So Catechism began again, and for a little all went smoothly. The Head, of course, knew that among small boys at school Christian names are held to be effeminate and disgraceful things, and so, omitting the first question, asked Stone, the head-boy, who had given him his name, and Stone knew. Ferrers also knew what his godfathers and godmothers then did for him, and David expressed himself accurately as bound to believe and to do what they had promised for him. The Commandments went smoothly, but trouble began when the boys had to explain what they chiefly learned from those Commandments. Any meaning that they might have possessed, any effort to attach rational ideas to them, was overshadowed by the fact that, primarily, this was a lesson that should have been acquired by heart in order to recite it faultlessly to that awe-inspiring presence that frowned at Mr. Dutton’s desk. His duty towards his neighbour had already baffled David that afternoon, but for the moment, having recited the eighth Commandment, his turn was passed, and, troubles never coming singly, Bags was faced with this abstruse question. The first sentences went rightly enough, but then he began to falter.

“To honour and obey the King and all that are put in authority under her——”

“Her?” asked the Head.

Bags’s Prayer-book, a comparatively ancient one, given him at his christening by a godmother, was a Queen’s Prayer-book.

“Queen, and all that are put in authority under her,” he quavered, getting confused.

“Next,” said the Head.

“King and all that are put in authority under him,” said Sharpe Major in a shrill treble. “To submit myself to all my governors, teachers, spiritual pastors and masters; to order myself lowly and reverently to all my betters; to—to honour and obey the King——”

“Next,” said the Head, with ominous calm.

The dreary tale of failure went on: with that portentous figure sitting in the chair of the innocuous Mr. Dutton, consecutive thought became impossible, and memory took wings and fled. Boys who had got full marks earlier in the afternoon found themselves unable, when facing this grim mood of the Head’s, to repeat their duty towards anything. The ground already covered was taken again, in order to give them a fresh start, and now the Creed itself presented pitfalls and stumbling-blocks. Already the normal hour for the class had been exceeded, and from other and happier class-rooms the boys poured out into the field in front of the windows, or lay on rugs under the shade of the big still elms, and with linked arms and treble intercourse wandered across the sunny grass. And even when the Catechism was done, there was the Bible-lesson to follow, and before the Bible-lesson there was certain to be the discovery that the Catechism had already been put down. All this was that ass Dubs’s fault for leaving his rotten French novel on his desk.

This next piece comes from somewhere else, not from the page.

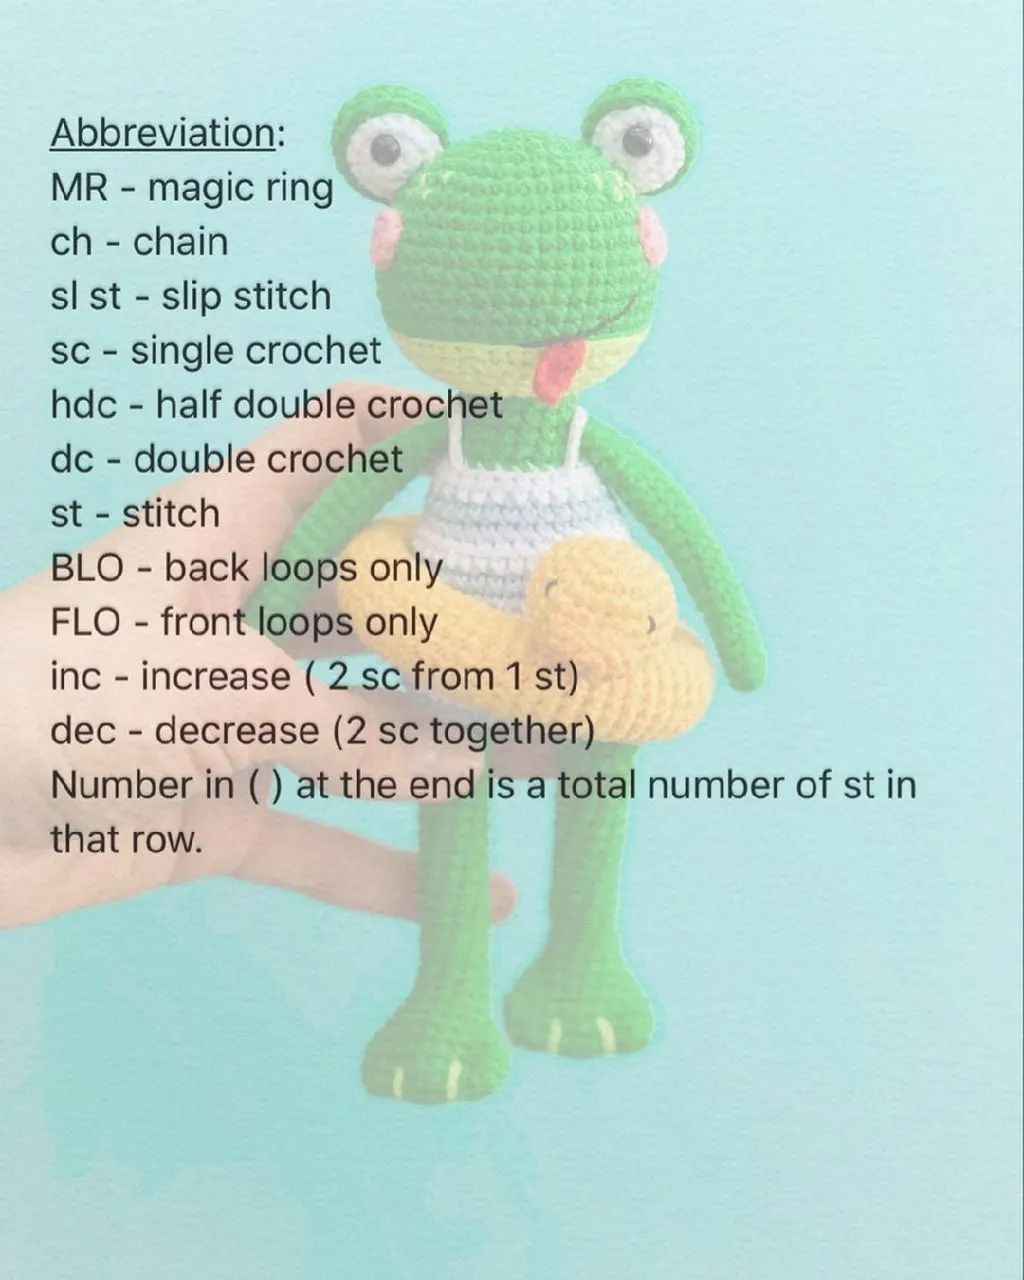 Green frog crochet pattern with bulging eyes for swimming.

Worse than anything, the Bible-lesson, when it came, was that most inexplicable second voyage of St. Paul. Thyatira . . . or was it Laodicea? . . . or were they the seven churches of Asia . . . and what exactly did underpinning the ship mean, or was that manœuvre executed on the other voyage? Mr. Dutton always consulted the New Testament Maclear over this elusive cruise, whereas the boys had to shut up that useful volume when they were questioned. It seemed scarcely fair. And even the Bible-lesson had not been arrived at yet; they were still sticking and bogged in the quagmires of the Catechism.

At last they stuck altogether: there was no more progression possible. It only remained to hear the sentence on their condemned heads. Everybody without exception was condemned. One had to write out the Creed, another the Commandments, and all their duty towards their neighbours.

“And I shall myself take the same lesson to-day week,” said the Head, “and if the form generally does not show a far better knowledge of the Catechism, I shall be unable to adopt the leniency with which I have treated their shortcomings to-day. Next Sunday, then, I shall hold the class in my study.”

The significance of this was not lost upon anybody. The study was a room of awful import, and the comfort of the low red morocco settee, the interest of the photographs of Oxford crews on the wall, in which the Head appeared with side-whiskers and no beard could not compensate for the uneasy knowledge that in the middle drawer of the knee-hole table at which he sat were a couple of canes. It was no rare thing for the Head to take a bunch of rattling keys from his pocket, which was the first step, and to fit one of them into the centre drawer. Sometimes, with rising voice, he turned it and opened the drawer, and if things still went badly the trembling victim was put through the farce of choosing which cane he preferred and then advancing the palms of his hands. . . .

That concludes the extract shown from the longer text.